WHAT IS REQUIRED:
Return the listing below unchanged, except that the pictures are dropped.

SUPPLIED MATERIAL:

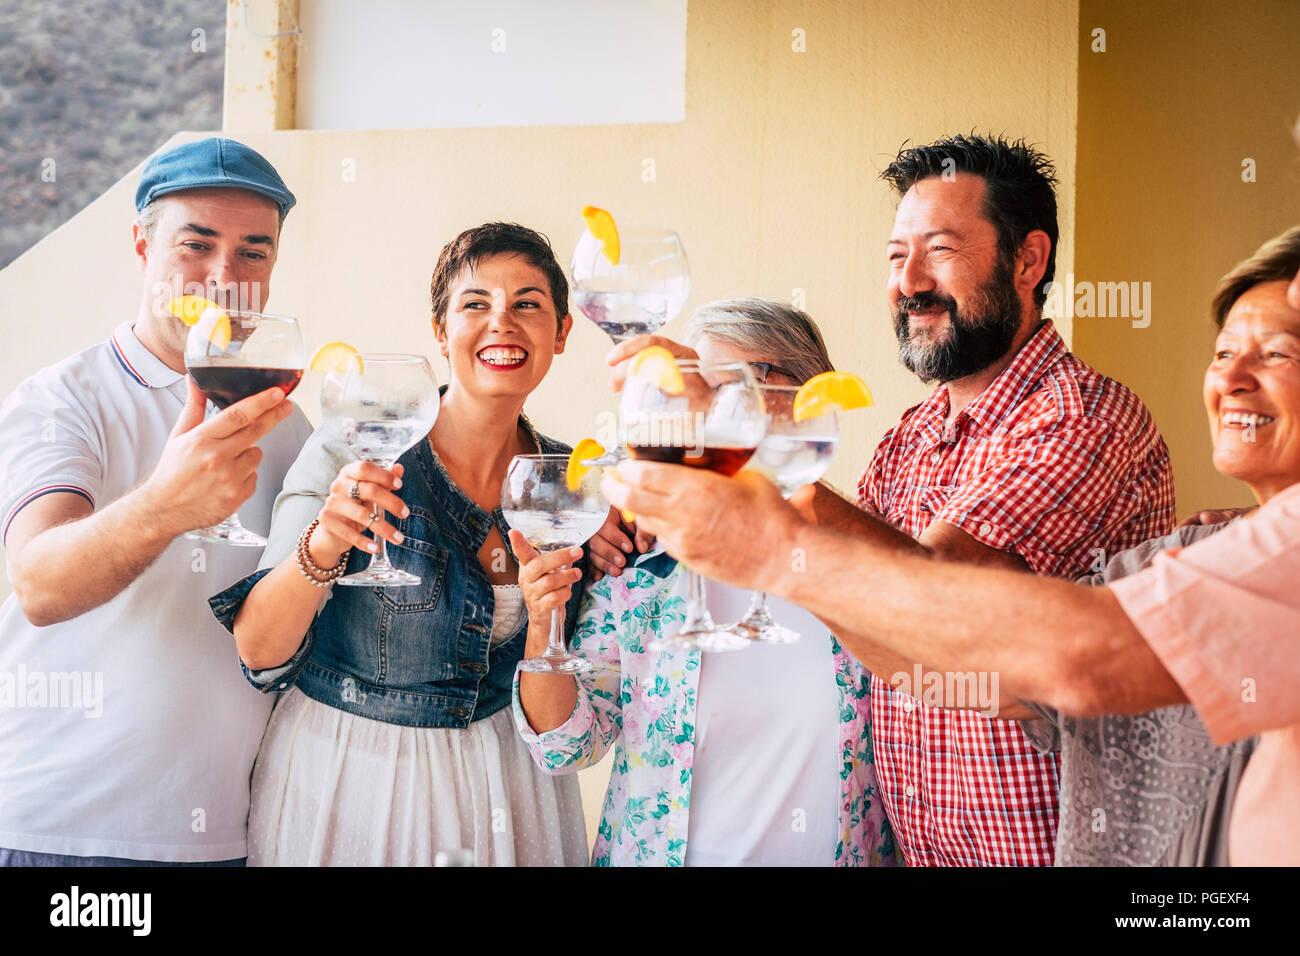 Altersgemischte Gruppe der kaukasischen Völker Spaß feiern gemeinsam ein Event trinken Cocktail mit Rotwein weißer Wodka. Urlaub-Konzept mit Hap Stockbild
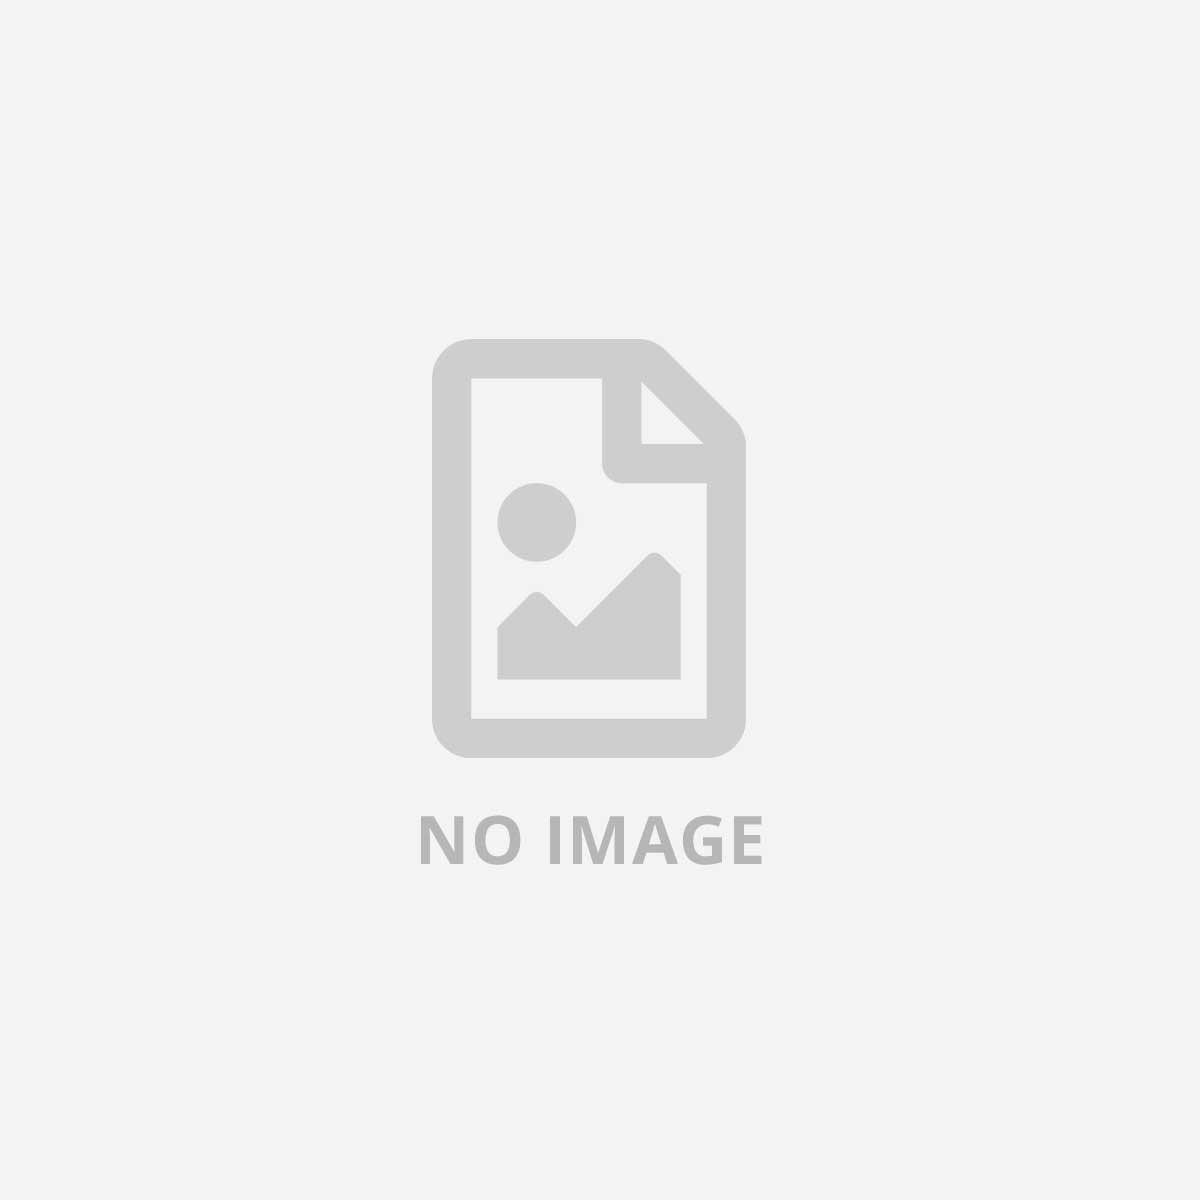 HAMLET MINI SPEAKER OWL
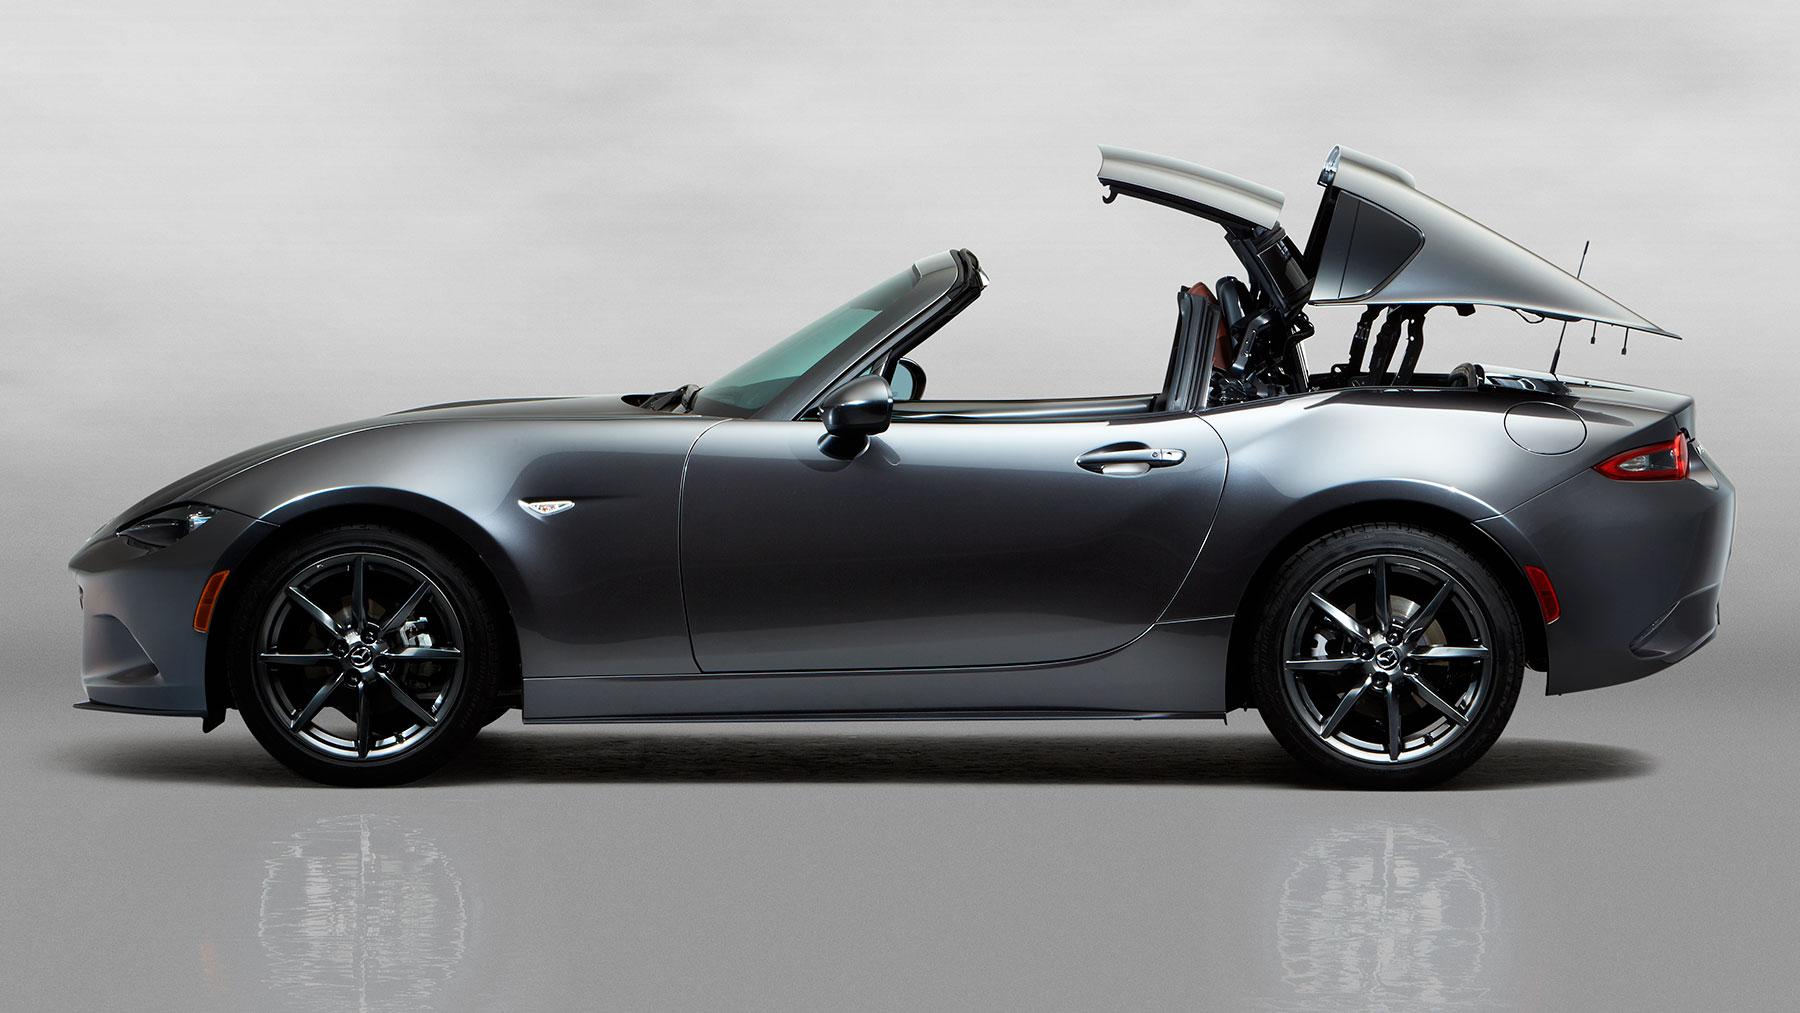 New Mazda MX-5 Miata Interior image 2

THE COMPLETED TASK:
 Altersgemischte Gruppe der kaukasischen Völker Spaß feiern gemeinsam ein Event trinken Cocktail mit Rotwein weißer Wodka. Urlaub-Konzept mit Hap Stockbild
 HAMLET MINI SPEAKER OWL
 New Mazda MX-5 Miata Interior image 2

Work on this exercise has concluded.